New Bankruptcy Law Makes it Harder to Stop Foreclosure
On October 17, 2005 President Bush’s sweeping bankruptcy reform law goes into impact permanently changing the guidelines of financial debt assortment in this natiion. Customer advocates and the public appear to be totally unaware of the total and victory of the creditors under the new legislation. This article opens the doorway to the Trogan Horse so that customers can prepare themselves for the worse.
The most essential facet of the bankruptcy code was the "automatic stay" provision. This permitted customers to file for bankruptcy at whenever throughout the creditor’s assortment process putting an instant quit to all get in touch with and assortment activities from the creditor. The new law requires that a debtor obtain credit counseling from an approved non-profit credit counseling agency for 180 days prior to filing Chapter seven or Chapter 13 bankruptcy.

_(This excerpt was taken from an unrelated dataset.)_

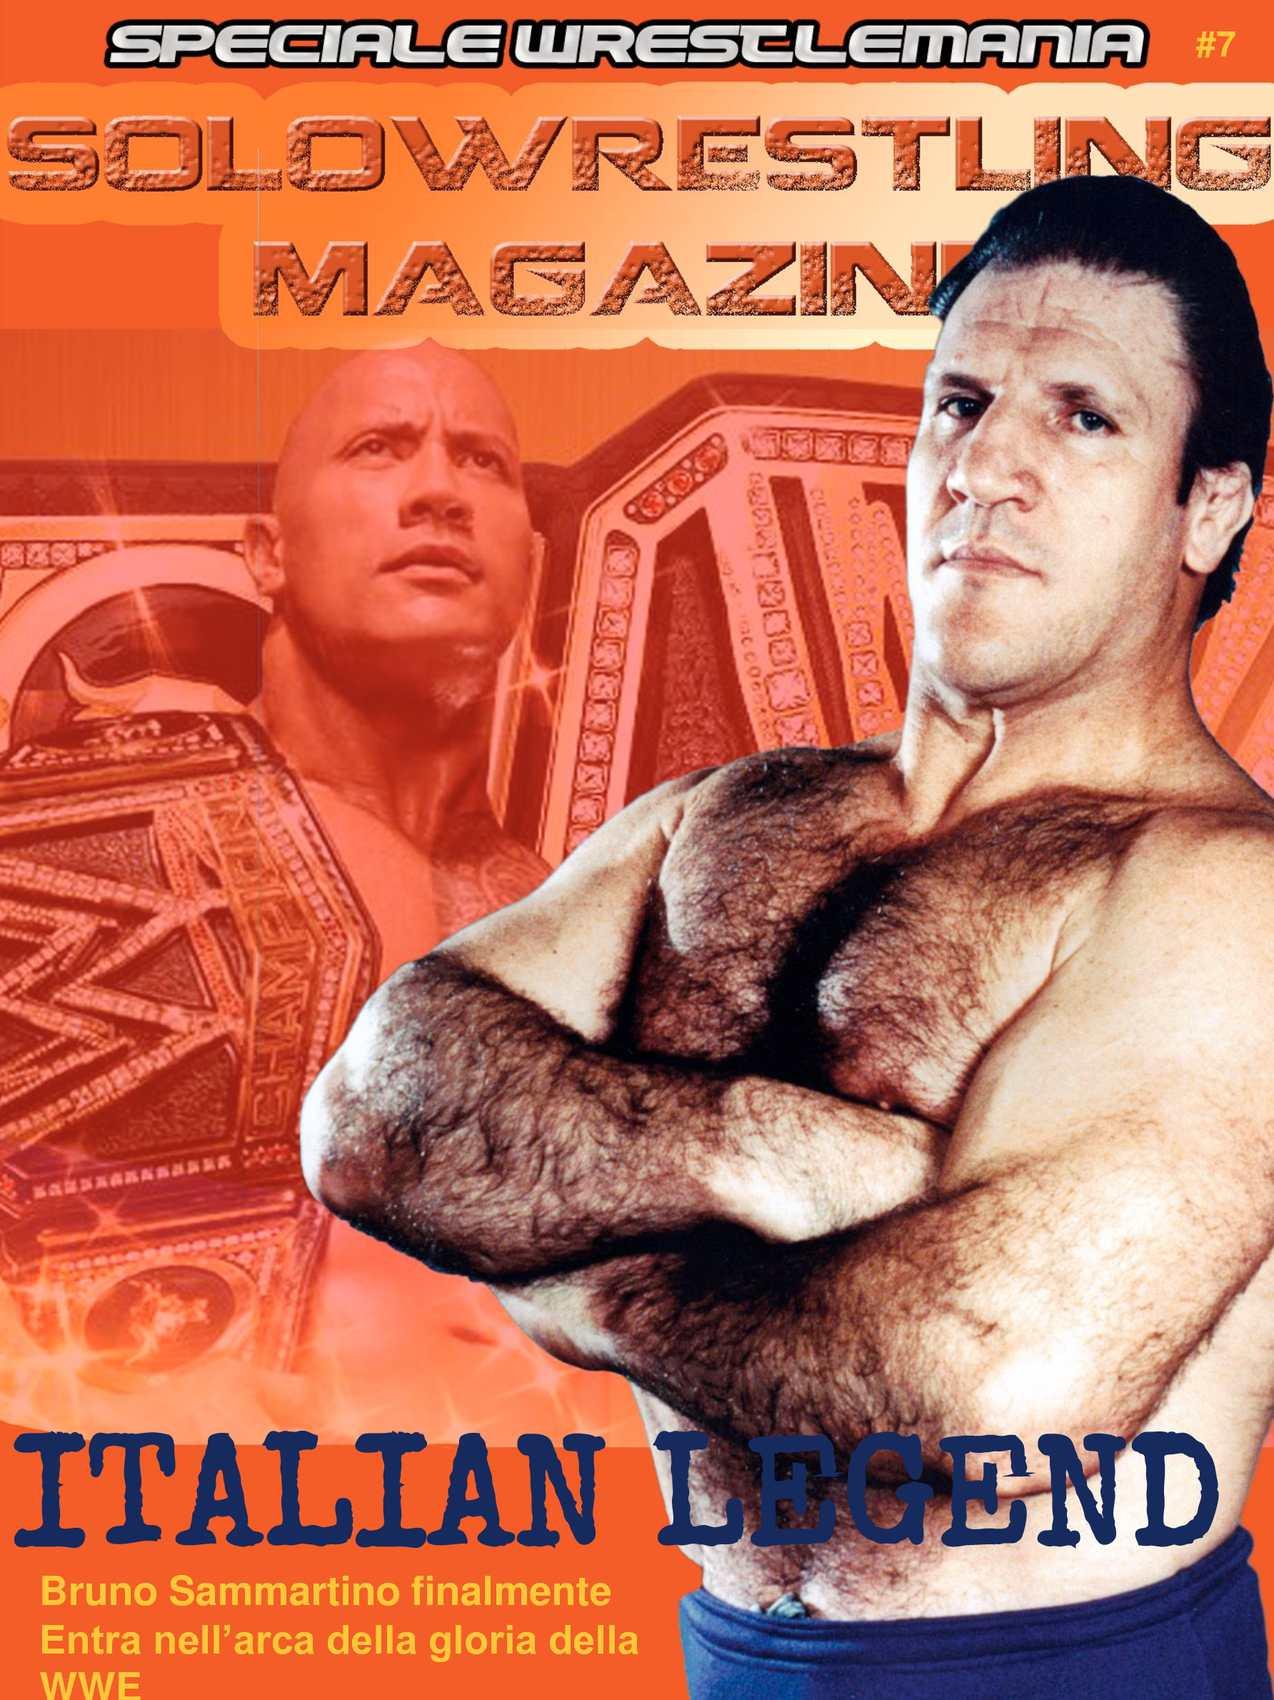 che sta uscendo in WWE 2013 datazione mio amplificatore Marshall

While this may sound benevolent, a much closer look at the sensible impact of this provision reveals the crafty peeling of the debtor’s rights. The 180 day necessity is to offer the credit counseling agency the chance to work out payment ideas with creditors. However, throughout this same period of time the creditor is not restrained from assortment efforts. For instance, Margaret is a homeowner in Jacksonville, Florida and is six months behind on her mortgage. As a rule, credit counseling agencies only work with credit card businesses and have small or no training with dealing with mortgage businesses.
Following getting foreclosure papers, Margaret goes to see her lawyer to file for bankruptcy and is told that she should first look for credit counseling before filing for bankruptcy protection. Meanwhile, the foreclosure proceeds on routine and a sale day is set 120 days later on. However, Margaret nonetheless has not finished her 180 day necessity. What will happen to Margaret’s home? That’s right! The home will be sold and she cannot quit the sale by filing bankruptcy.
This is the most sweeping shift in financial debt assortment in the past 50 many years. Margaret’s only wish will be to work out a repayment strategy or a loan restructure with her mortgage company. This is a process called loss mitigation and is explained in fantastic detail to customers in our new book, How to Save Your House, ISBN#09753754–seven, $19.95, SYH University, LLC, 2005 which is sold at Amazon.com.
Loss Mitigation works because loan companies shed an average of $28,000 to $50,000 per foreclosure nationwide. It is a myth that the loan company desires your home and makes a profit off of foreclosure. A loan company has to spend lawyer fees, court and assortment costs, maintain fire insurance, hire a real estate expert, repair structural and other harm to the home, and spend house taxes. The homeowner can work out an agreement with the loan company in more than 90% of cases. Our company has provided housing counseling service to thousands of homeowners and loss mitigation absolutely works.
In conclusion, it is up to the consumer to educate and prepare themselves for worse situation scenarios. How to Save Your House is an excellent training device and will educate homeowners how to protect themselves under the new bankruptcy law. Most Americans do not have health or disability insurance and are susceptible to job layoffs because of a stagnant economic climate. Who amongst us is immune to heart attacks, company failure, strokes, law fits, tax liens or other challenges that life occasionally presents. 1 spend check is literally what separates numerous families from home safety and despair and the new bankruptcy law will severly punish those who slip behind on their mortgage payments.
Herbert Addison, JD, CHC is a Licensed Housing Counselor and a member of the Virginia Association of Housing Counselors. Mr. Addison is co-author of the new book, How to Save Your House, and has helped thousands of families to save their homes from foreclosure product sales.